Every line of the material below, from the top through the line with "Snacks 7 Inches", should be reproduced exactly.

--------------------------------

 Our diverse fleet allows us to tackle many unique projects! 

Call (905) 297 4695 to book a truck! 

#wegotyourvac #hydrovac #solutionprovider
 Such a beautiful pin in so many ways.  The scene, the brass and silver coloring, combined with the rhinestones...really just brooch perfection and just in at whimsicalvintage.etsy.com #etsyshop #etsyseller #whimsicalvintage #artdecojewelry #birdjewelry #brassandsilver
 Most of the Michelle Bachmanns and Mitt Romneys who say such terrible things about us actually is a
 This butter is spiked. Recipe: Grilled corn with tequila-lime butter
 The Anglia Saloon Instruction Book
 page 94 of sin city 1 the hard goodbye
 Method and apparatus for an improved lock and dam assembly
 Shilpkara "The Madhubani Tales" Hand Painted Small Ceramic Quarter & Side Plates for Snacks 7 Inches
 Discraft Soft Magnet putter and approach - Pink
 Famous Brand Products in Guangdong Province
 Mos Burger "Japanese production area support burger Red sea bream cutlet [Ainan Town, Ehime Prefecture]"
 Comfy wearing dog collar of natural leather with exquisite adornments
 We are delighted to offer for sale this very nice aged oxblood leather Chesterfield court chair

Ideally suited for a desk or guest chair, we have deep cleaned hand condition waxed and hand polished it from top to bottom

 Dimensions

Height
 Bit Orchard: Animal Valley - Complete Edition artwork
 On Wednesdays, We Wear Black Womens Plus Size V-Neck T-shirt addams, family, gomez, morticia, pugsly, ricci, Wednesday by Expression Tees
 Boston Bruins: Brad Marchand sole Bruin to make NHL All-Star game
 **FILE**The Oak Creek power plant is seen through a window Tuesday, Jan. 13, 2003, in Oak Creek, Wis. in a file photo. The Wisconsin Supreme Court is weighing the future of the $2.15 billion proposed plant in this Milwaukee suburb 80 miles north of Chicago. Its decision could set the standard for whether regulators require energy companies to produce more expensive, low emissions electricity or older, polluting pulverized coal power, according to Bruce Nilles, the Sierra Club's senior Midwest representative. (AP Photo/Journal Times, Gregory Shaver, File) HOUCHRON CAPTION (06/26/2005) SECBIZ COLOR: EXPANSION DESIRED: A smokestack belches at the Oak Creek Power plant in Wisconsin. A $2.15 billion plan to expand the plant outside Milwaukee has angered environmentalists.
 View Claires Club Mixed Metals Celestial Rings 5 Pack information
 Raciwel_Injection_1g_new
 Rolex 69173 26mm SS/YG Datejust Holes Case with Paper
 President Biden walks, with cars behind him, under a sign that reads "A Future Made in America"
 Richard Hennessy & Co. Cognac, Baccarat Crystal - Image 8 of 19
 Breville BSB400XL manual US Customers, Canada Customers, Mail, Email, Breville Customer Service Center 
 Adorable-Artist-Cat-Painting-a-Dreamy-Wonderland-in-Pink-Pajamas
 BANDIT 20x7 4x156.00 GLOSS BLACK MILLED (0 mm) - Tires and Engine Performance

--------------------------------

• Finished exercise:
 Our diverse fleet allows us to tackle many unique projects! 

Call (905) 297 4695 to book a truck! 

#wegotyourvac #hydrovac #solutionprovider
 Such a beautiful pin in so many ways.  The scene, the brass and silver coloring, combined with the rhinestones...really just brooch perfection and just in at whimsicalvintage.etsy.com #etsyshop #etsyseller #whimsicalvintage #artdecojewelry #birdjewelry #brassandsilver
 Most of the Michelle Bachmanns and Mitt Romneys who say such terrible things about us actually is a
 This butter is spiked. Recipe: Grilled corn with tequila-lime butter
 The Anglia Saloon Instruction Book
 page 94 of sin city 1 the hard goodbye
 Method and apparatus for an improved lock and dam assembly
 Shilpkara "The Madhubani Tales" Hand Painted Small Ceramic Quarter & Side Plates for Snacks 7 Inches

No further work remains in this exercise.